Further, in the present embodiment, the feature points A, B, and C in the vicinity of the line-of-sight position are extracted after removing the corresponding points corresponding to the erroneous correspondence. It can be determined even more accurately.

（変形例）
本実施形態では、一般の画像に適用できることに加え、高い頑健性を有しているという特徴があるので、視野カメラ画像と視認対象画像の特徴点の抽出のために、SIFTを用いるようにした。

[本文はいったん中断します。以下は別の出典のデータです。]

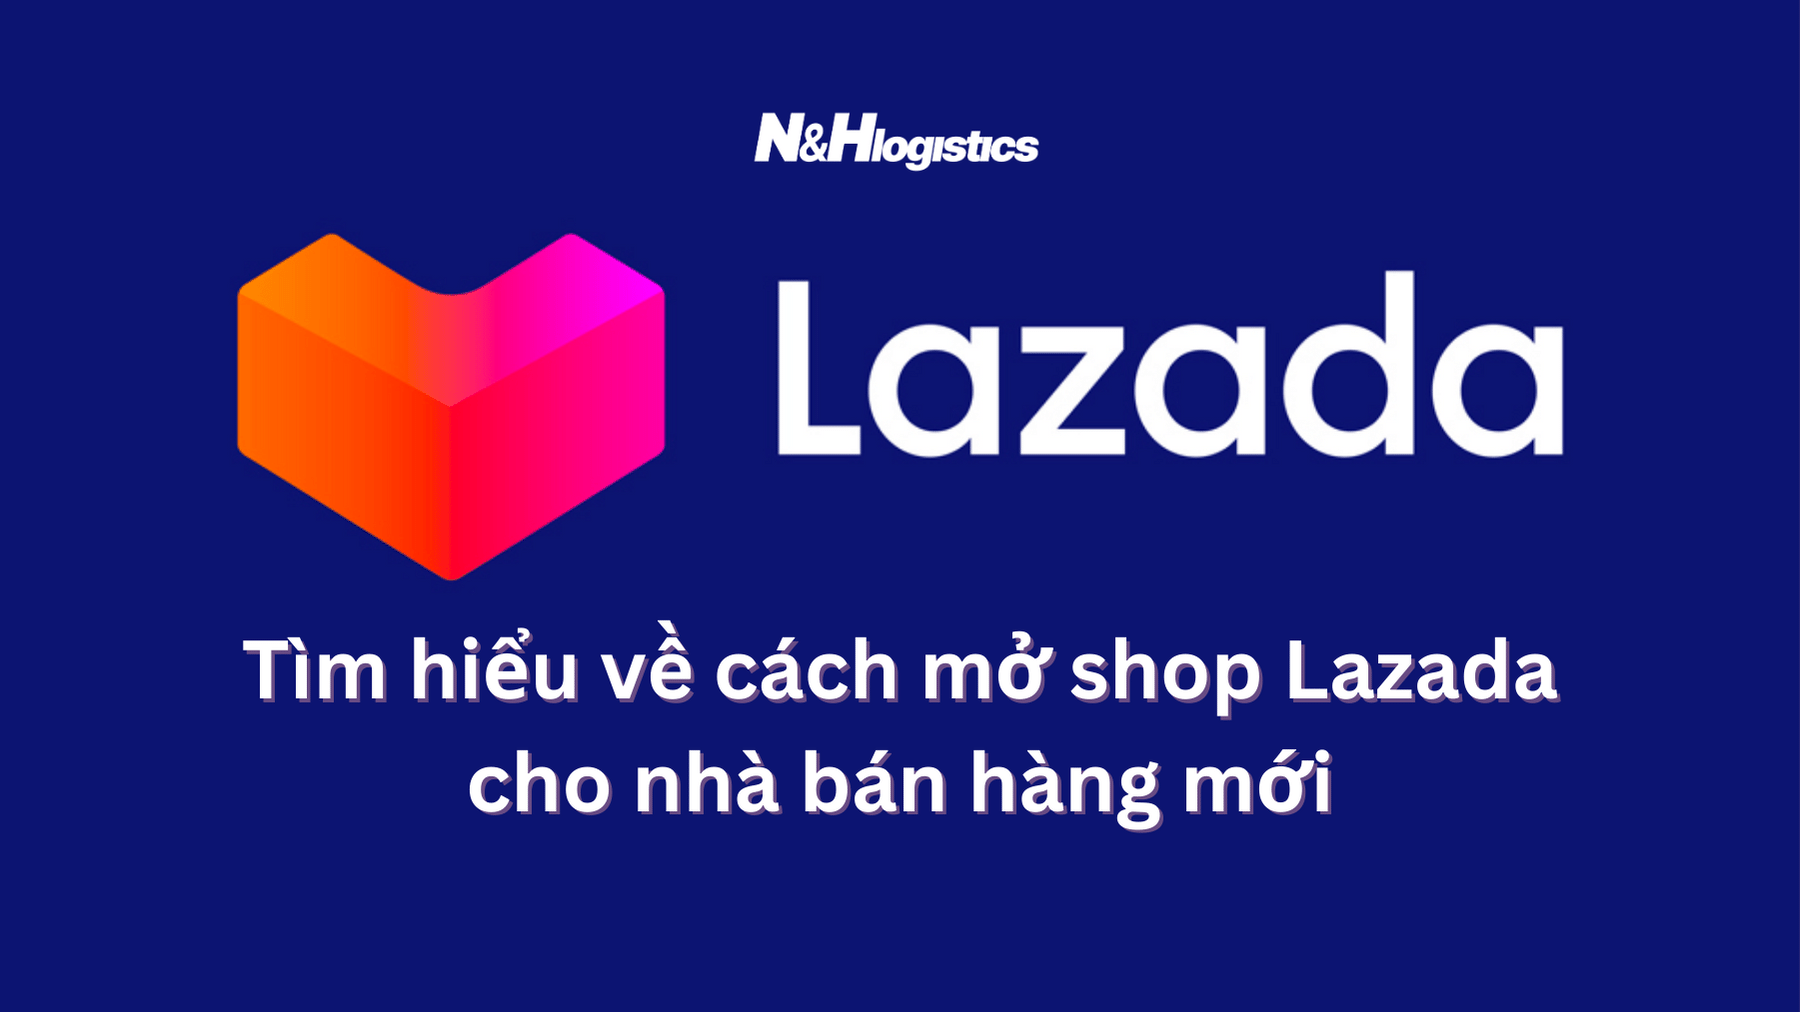 Quý khách hàng có thể tìm hiểu các mở shop Lazada tại N&H Logistics

しかしながら、特徴点を抽出することができれば、その手法は、SIFTに限定されない。
また、本実施形態では、誤対応除去部１０４による「対応点の対の選択、パラメータａ₁〜ａ₈の導出、投影誤差の導出、投影誤差と閾値との比較、及び変数Ｃの加算」（ステップＳ９０１〜Ｓ９０８）を、４つの「対応点の対」の全ての組み合わせについて行うようにした。しかしながら、必ずしもこのようにする必要はない。例えば、これらの処理を、４つの「対応点の対」の全ての組み合わせについて行った結果、これらの処理を行う回数が、４つの「対応点の対」の全ての組み合わせの数よりも少ない回数であっても、４つの「対応点の対」の全ての組み合わせについてこれらの処理を行ったのと同様の最適射影変換パラメータが得られることが確認された場合には、当該回数だけ、これらの処理を行うようにしてもよい。 (Modification)
In this embodiment, in addition to being applicable to a general image, there is a feature that it has high robustness. Therefore, SIFT is used for extracting feature points of a visual field camera image and a visual recognition target image. . However, if feature points can be extracted, the method is not limited to SIFT.
Further, in the present embodiment, “corresponding point pair selection, derivation of parameters a _{1 to} a ₈ , derivation of projection error, comparison of projection error and threshold value, and addition of variable C” by erroneous correspondence removing unit 104 ( Steps S901 to S908) are performed for all combinations of the four “pairs of corresponding points”. However, this is not always necessary. For example, as a result of performing these processes on all combinations of four “corresponding point pairs”, the number of times of performing these processes is smaller than the number of all combinations of four “corresponding point pairs”. Even when it is confirmed that the same optimal projective transformation parameters as those obtained by performing these processes for all the combinations of the four “pairs of corresponding points” can be obtained, Processing may be performed.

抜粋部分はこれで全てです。